** EXTRACTED DATA follows **

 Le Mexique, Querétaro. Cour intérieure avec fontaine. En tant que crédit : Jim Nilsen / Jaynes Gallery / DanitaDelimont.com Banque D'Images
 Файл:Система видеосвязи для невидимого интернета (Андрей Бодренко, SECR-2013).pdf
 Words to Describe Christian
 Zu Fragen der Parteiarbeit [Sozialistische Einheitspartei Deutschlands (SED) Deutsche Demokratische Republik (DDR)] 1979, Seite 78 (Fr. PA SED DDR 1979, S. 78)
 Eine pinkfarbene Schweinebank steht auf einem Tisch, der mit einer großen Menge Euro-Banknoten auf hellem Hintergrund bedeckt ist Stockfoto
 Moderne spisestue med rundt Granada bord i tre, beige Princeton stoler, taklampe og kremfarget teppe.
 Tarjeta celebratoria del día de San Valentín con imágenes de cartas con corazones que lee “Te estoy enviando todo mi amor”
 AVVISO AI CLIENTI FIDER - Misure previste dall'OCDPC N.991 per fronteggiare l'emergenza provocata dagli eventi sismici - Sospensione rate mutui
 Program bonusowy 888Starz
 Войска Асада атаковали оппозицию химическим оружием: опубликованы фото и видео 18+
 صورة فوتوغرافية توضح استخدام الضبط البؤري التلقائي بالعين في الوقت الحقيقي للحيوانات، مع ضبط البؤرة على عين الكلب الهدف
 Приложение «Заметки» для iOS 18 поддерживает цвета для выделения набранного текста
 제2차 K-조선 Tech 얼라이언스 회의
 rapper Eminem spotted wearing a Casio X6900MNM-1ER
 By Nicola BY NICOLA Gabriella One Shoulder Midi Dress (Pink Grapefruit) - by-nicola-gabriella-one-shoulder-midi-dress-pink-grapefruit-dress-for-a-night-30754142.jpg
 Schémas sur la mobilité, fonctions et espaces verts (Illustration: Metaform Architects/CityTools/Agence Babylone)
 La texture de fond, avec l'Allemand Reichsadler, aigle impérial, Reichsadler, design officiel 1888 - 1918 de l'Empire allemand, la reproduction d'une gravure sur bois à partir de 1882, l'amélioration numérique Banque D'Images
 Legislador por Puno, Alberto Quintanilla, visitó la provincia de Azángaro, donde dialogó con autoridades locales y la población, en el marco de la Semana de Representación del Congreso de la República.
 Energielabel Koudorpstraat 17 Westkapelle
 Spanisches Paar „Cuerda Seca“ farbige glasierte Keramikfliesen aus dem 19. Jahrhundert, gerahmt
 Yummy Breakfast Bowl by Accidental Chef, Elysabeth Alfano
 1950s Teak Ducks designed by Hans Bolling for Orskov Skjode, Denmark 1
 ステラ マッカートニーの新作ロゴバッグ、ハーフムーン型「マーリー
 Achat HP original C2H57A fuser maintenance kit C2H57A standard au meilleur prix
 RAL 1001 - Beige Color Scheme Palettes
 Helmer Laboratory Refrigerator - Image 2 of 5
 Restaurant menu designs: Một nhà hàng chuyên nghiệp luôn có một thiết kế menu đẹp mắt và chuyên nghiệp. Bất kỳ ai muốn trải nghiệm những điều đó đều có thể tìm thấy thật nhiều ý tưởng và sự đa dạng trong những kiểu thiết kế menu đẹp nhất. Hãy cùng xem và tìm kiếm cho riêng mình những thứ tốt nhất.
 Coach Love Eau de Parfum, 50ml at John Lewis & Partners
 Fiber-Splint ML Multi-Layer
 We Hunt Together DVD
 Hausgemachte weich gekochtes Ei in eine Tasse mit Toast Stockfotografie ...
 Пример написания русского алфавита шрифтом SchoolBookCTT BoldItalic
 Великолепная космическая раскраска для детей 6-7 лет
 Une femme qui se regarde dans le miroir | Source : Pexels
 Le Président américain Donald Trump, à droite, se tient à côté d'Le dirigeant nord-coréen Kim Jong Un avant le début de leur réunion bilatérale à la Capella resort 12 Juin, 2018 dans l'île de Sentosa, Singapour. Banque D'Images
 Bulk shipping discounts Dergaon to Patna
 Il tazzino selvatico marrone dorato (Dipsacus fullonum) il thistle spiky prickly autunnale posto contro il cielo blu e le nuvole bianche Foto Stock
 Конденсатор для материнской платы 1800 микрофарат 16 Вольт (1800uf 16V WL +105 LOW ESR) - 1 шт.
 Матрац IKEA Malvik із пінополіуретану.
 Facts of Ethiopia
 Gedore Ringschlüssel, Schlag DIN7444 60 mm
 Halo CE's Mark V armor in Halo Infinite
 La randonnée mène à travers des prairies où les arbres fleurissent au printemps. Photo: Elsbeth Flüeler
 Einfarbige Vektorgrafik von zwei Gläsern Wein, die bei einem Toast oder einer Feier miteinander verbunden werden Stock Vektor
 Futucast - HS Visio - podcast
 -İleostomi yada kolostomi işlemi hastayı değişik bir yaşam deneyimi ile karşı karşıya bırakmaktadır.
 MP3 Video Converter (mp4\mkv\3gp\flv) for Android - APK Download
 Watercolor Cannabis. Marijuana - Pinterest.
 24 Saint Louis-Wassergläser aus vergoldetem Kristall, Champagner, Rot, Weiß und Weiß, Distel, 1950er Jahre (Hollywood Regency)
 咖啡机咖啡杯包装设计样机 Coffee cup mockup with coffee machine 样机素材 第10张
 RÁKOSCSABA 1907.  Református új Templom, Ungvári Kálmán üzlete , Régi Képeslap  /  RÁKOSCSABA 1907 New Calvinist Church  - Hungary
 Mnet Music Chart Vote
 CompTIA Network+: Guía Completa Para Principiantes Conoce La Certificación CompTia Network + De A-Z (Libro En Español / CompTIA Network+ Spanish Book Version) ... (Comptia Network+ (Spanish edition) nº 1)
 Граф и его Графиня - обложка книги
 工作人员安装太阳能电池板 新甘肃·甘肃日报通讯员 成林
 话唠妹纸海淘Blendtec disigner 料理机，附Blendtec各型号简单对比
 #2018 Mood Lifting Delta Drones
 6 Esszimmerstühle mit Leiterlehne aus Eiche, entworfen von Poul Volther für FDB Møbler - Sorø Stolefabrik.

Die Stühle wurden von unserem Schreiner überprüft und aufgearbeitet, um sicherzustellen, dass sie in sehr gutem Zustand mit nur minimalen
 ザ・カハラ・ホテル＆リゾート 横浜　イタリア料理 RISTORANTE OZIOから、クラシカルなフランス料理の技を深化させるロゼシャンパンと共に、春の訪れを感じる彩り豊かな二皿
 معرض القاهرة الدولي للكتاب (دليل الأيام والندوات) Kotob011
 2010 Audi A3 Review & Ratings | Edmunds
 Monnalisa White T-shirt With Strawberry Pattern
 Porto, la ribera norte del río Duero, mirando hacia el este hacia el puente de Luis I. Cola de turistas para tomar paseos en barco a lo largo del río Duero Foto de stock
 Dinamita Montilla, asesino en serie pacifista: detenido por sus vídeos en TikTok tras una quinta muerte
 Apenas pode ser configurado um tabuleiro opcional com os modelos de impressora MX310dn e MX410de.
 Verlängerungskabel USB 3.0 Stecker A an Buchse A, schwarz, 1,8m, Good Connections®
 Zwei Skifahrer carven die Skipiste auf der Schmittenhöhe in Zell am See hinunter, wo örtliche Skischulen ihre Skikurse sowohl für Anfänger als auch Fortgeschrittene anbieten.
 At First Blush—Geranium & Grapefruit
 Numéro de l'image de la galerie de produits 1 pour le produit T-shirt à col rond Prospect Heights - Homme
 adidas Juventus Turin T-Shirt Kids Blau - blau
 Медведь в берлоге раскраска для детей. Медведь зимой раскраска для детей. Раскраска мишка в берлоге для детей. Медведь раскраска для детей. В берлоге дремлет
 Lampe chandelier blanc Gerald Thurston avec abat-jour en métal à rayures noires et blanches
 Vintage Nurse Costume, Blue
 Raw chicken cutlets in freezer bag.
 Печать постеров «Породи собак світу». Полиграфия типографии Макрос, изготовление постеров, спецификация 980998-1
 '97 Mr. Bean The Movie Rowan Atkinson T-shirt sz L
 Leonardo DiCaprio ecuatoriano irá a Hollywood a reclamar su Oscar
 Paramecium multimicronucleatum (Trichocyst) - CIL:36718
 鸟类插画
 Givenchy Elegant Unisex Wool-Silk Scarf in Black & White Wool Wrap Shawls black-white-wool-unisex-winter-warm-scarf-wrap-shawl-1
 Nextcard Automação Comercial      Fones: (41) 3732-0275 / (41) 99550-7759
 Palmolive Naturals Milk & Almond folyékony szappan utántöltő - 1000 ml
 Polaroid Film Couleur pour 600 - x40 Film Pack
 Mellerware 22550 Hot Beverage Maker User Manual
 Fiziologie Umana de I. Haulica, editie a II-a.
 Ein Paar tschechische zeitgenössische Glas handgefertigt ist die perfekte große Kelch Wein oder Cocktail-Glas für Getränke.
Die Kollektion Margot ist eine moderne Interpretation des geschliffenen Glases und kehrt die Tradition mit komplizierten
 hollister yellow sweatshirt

** End of EXTRACTED DATA **

■ ASSIGNMENT ■
Find where the line with "Войска Асада атаковали" sits in the material above, then copy exactly from it through the line with "Пример написания русского". Add no other line.

■ EXERCISE RESPONSE ■
 Войска Асада атаковали оппозицию химическим оружием: опубликованы фото и видео 18+
 صورة فوتوغرافية توضح استخدام الضبط البؤري التلقائي بالعين في الوقت الحقيقي للحيوانات، مع ضبط البؤرة على عين الكلب الهدف
 Приложение «Заметки» для iOS 18 поддерживает цвета для выделения набранного текста
 제2차 K-조선 Tech 얼라이언스 회의
 rapper Eminem spotted wearing a Casio X6900MNM-1ER
 By Nicola BY NICOLA Gabriella One Shoulder Midi Dress (Pink Grapefruit) - by-nicola-gabriella-one-shoulder-midi-dress-pink-grapefruit-dress-for-a-night-30754142.jpg
 Schémas sur la mobilité, fonctions et espaces verts (Illustration: Metaform Architects/CityTools/Agence Babylone)
 La texture de fond, avec l'Allemand Reichsadler, aigle impérial, Reichsadler, design officiel 1888 - 1918 de l'Empire allemand, la reproduction d'une gravure sur bois à partir de 1882, l'amélioration numérique Banque D'Images
 Legislador por Puno, Alberto Quintanilla, visitó la provincia de Azángaro, donde dialogó con autoridades locales y la población, en el marco de la Semana de Representación del Congreso de la República.
 Energielabel Koudorpstraat 17 Westkapelle
 Spanisches Paar „Cuerda Seca“ farbige glasierte Keramikfliesen aus dem 19. Jahrhundert, gerahmt
 Yummy Breakfast Bowl by Accidental Chef, Elysabeth Alfano
 1950s Teak Ducks designed by Hans Bolling for Orskov Skjode, Denmark 1
 ステラ マッカートニーの新作ロゴバッグ、ハーフムーン型「マーリー
 Achat HP original C2H57A fuser maintenance kit C2H57A standard au meilleur prix
 RAL 1001 - Beige Color Scheme Palettes
 Helmer Laboratory Refrigerator - Image 2 of 5
 Restaurant menu designs: Một nhà hàng chuyên nghiệp luôn có một thiết kế menu đẹp mắt và chuyên nghiệp. Bất kỳ ai muốn trải nghiệm những điều đó đều có thể tìm thấy thật nhiều ý tưởng và sự đa dạng trong những kiểu thiết kế menu đẹp nhất. Hãy cùng xem và tìm kiếm cho riêng mình những thứ tốt nhất.
 Coach Love Eau de Parfum, 50ml at John Lewis & Partners
 Fiber-Splint ML Multi-Layer
 We Hunt Together DVD
 Hausgemachte weich gekochtes Ei in eine Tasse mit Toast Stockfotografie ...
 Пример написания русского алфавита шрифтом SchoolBookCTT BoldItalic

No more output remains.